Behind the scenes - A SIT DOWN WITH JASPER


3 years ago we engaged a notable architect, designer and friend in Jasper Chia (JC) of Fuur Associates in Singapore to lead in the design and planning of Bisma Eight (BE). What we found was an interesting, opinionated and cultured persona behind the drawing board. Jasper worked on the project with his sidekick in Jerome Ping and now sits down with us to talk music, Ubud, the future, and f&b. 

BE: Give us your typical day in Ubud. We understand you really know how to relax up there?

JC: I am usually in Work mode when I am in Ubud, at least for the past year or so.

But if I was to describe an ideal day in Ubud, it would be something like this;

  • Get up early and walk to the markets in Ubud Town Square, where the villagers sell almost anything and everything.
  • Pick up some handmade incense or local fruit like mangosteen.
  • Stroll to one of the many hipster coffee joints around the market (Anomali Coffee) and order a long black. 
  • Indulge in a spot of people watching or just reading a book.
  • Breakfast back in the hotel or some wifi friendly cafe near Monkey Forest.
  • I would usually have the Mee Goreng with Egg which is the ultimate comfort food, with Balinese Black Coffee.
  • After Brekkie, Strolling through the old town, there are many small art galleries and dye/bead shops sprinkled around Ubud.
  • Probably slip in a foot or body massage to kick start the day.
  • Lunch at Sari Organic is pretty lush 'cause it overlooks a ravine (like everywhere else in Ubud I suppose).
  • Afternoons will be best spent I reckon with a good book by the Pool. Bisma Eight has the best view in Ubud :).
  • Have a Snooze.
  • Pre-dinner drinks at Copper Bar at Bisma Eight. where you can catch the Bali Sunset whilst getting tanked aka Working-up-an-appetite.
  • My favorite haunt for dinner is Batan Waru in Ubud Town, walking distance from Bisma Eight.
  • I usually take my Design Team there so we can relax and talk about the site in a casual but cool setting.
  • The Bebek and Nasi Campur is next level, and the Sambal is out of this world. Very Spicy!
  • After dinner, you can stroll around the old town or head back to Copper for a few more Beers.
  • I think Suraj has a few Barrels of goodness hidden behind the bar, though I haven’t had the chance to try them. 
  • I’m usually ready for bed by 10pm after a long day on site, plus Ubud to me is not a party town, and it’s cool like that.
  • I usually get up early the next day 'cause the Morning air is cold and crisp. The Best. 
  • Repeat.


BE: What music did you listen to when working on Bisma Eight?

JC: The Soundtrack I listen to on my ride into Ubud from Denpasar is the Spotify PLayList “DRIVVE FM”, under jasper chia (user)
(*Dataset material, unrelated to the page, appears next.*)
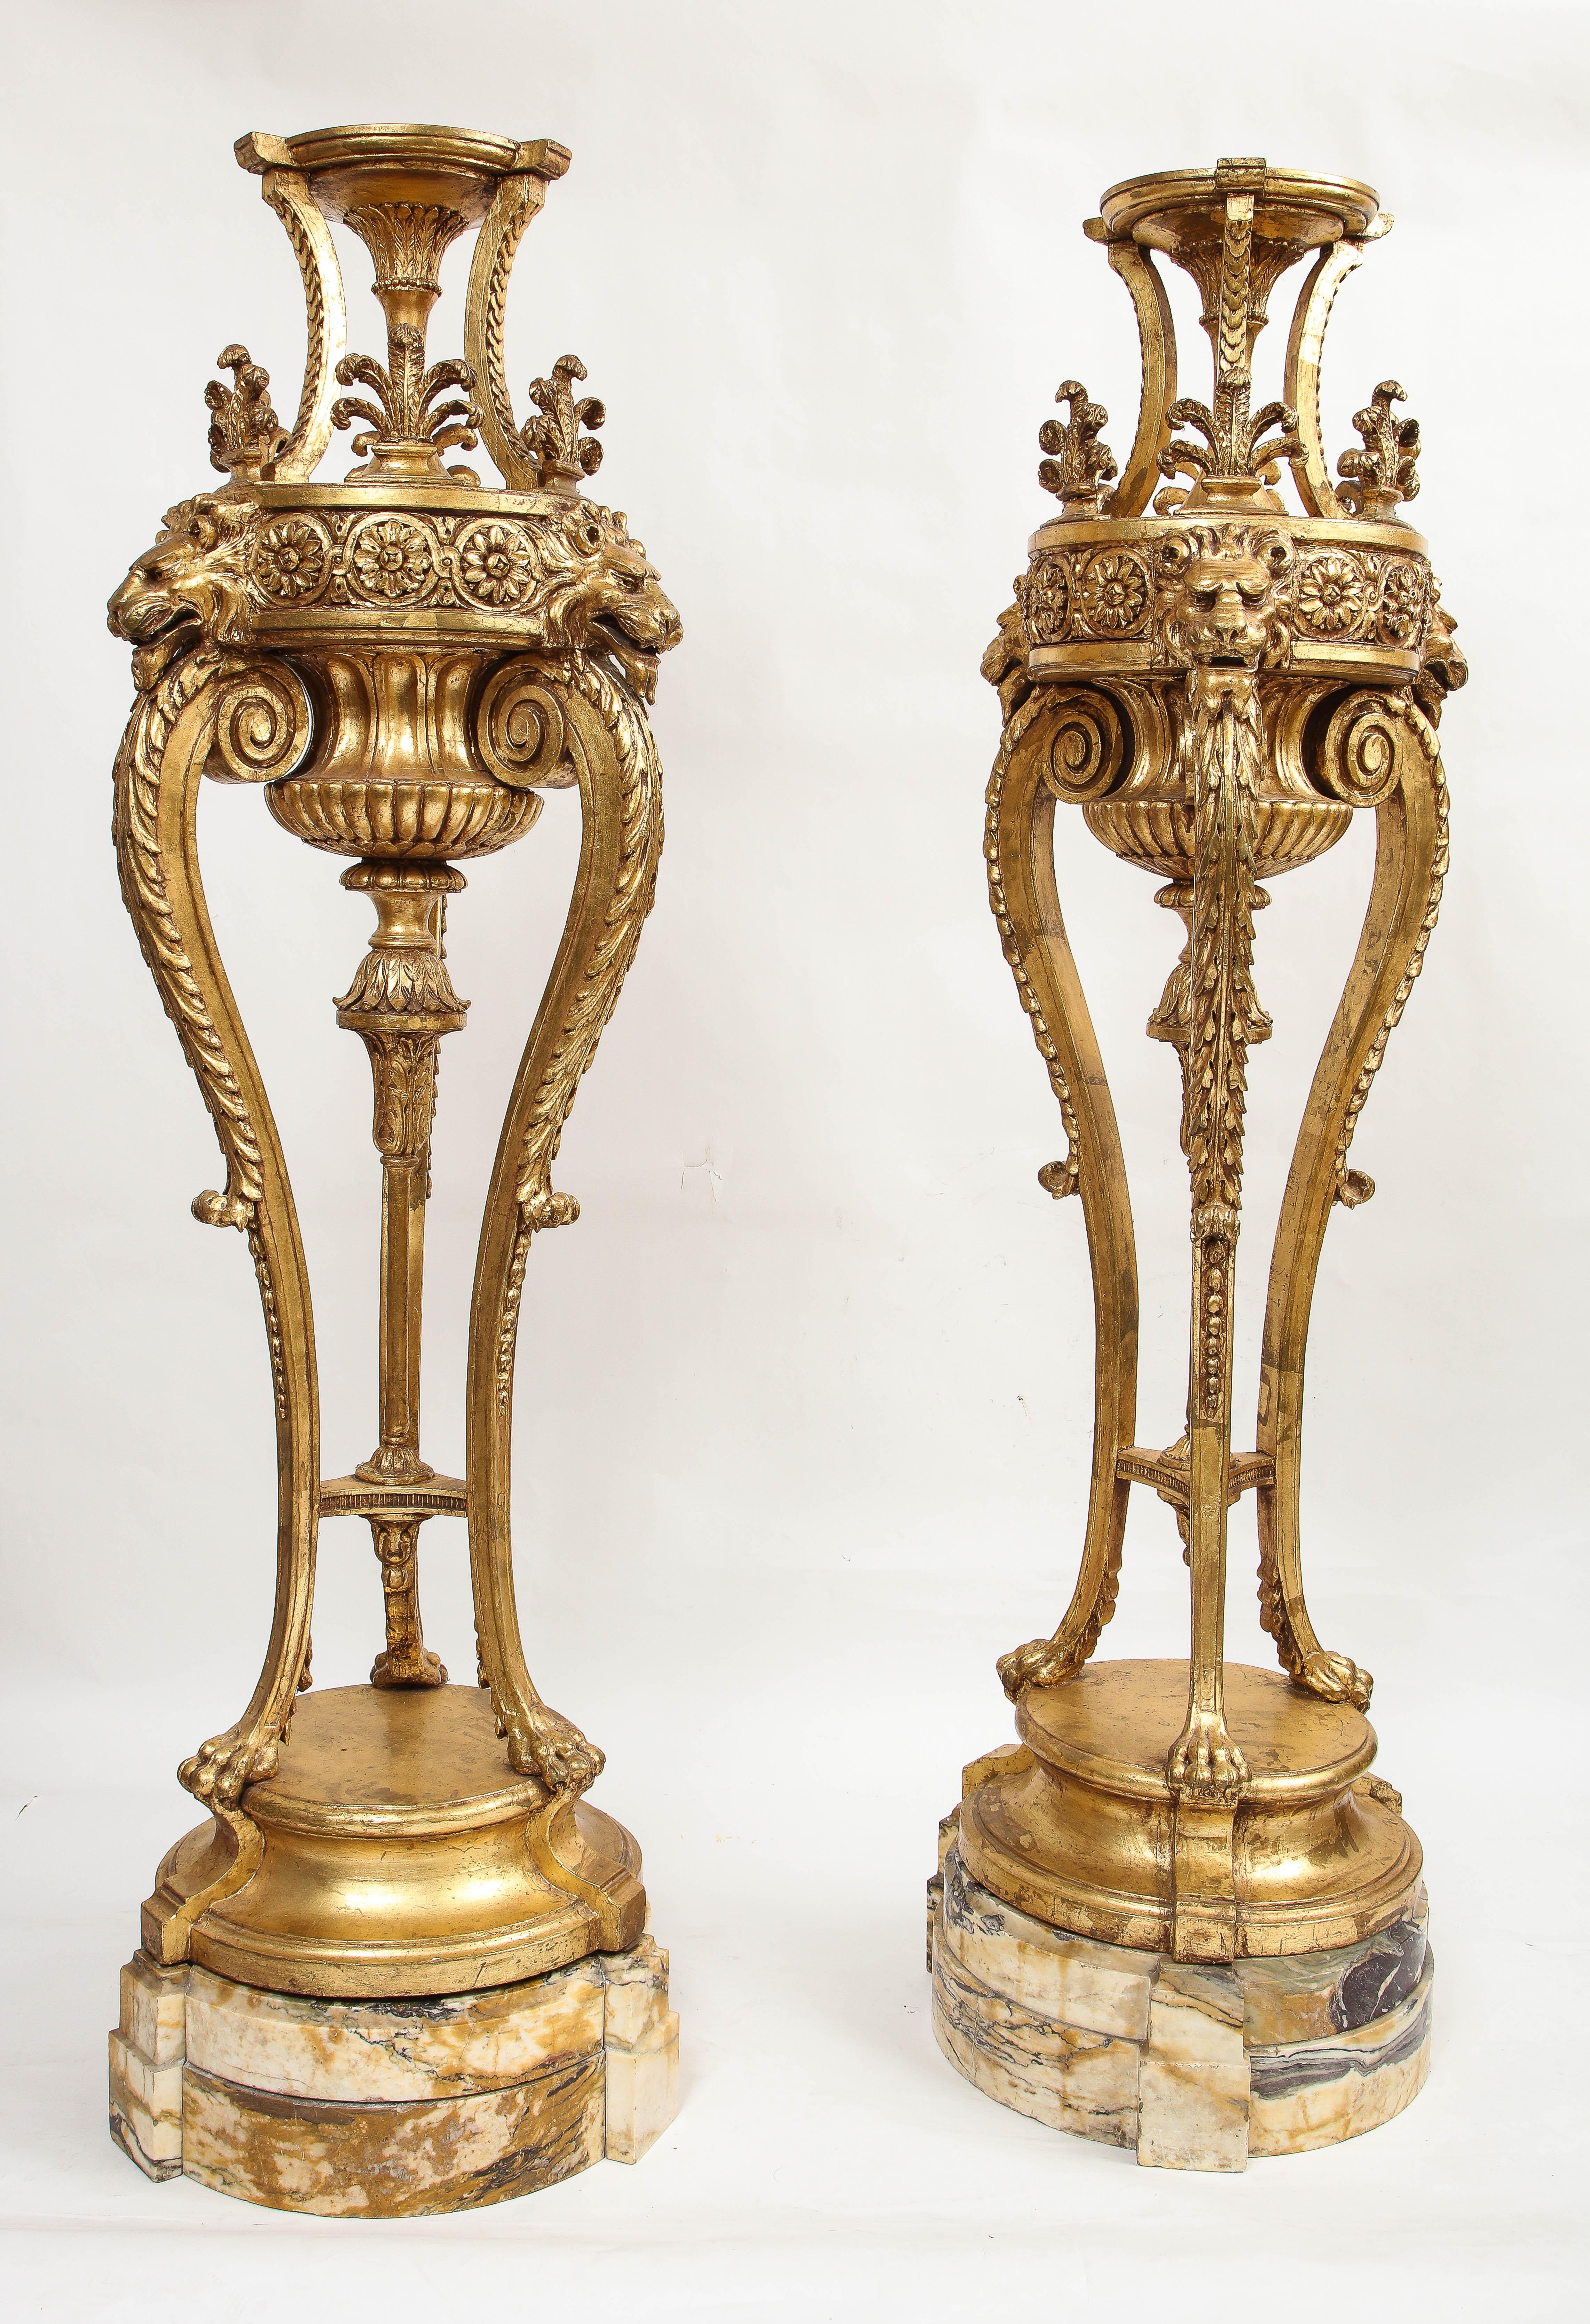 A Pair of Monumental 19th Century Louis XVI Giltwood Torchieres with Original Marble Bases, Attributed to E.F Caldwell.  Each is beautifully hand-carved with tremendous detail.  The upper portion of each are marvelous with a pedestal top to display

Put it on random play. It gets me in the mood for Ubud.


BE: Curious to know what your drink of choice is out of Ubud and when in Ubud?

JC: I am a big fan of Avocado Shakes when in Ubud 'cause you can’t get them so easily and cheap in Singapore. Bintang Beer is not a bad Beer.

Out of Ubud, I am usually an Asahi Beer, a Single Malt (Glendronach) kinda guy. I don’t like my drinks mixed, unless it’s a properly done, stiff Old-Fashioned.


BE: You’ve taken on some pretty interesting projects in Singapore. What’s next? 

JC: Dean and I, we are working on a Concept Showroom for Nike on Orchard Road in Singapore. It’s a very visible project and the entire FUUR team is on it.

We are also working on the New KYO (Singapore) club in KL, a roof top bar in Suntec City (Singapore), and launching F&B brands in Amoy St (Singapore) and Marina Bay Financial Centre.

We have had 2 small Boutique Hotel Projects concept proposals done after Bisma Eight but the local conditions here are not favorable at the moment so we are currently just sitting on those.

I am working on a showroom space for Viewqwest , one of the rising Tech Giants in Singapore, and Dean might have some urban scaled projects lined up in Jakarta where he used to live and work. 

So it’s all pretty exciting and fresh.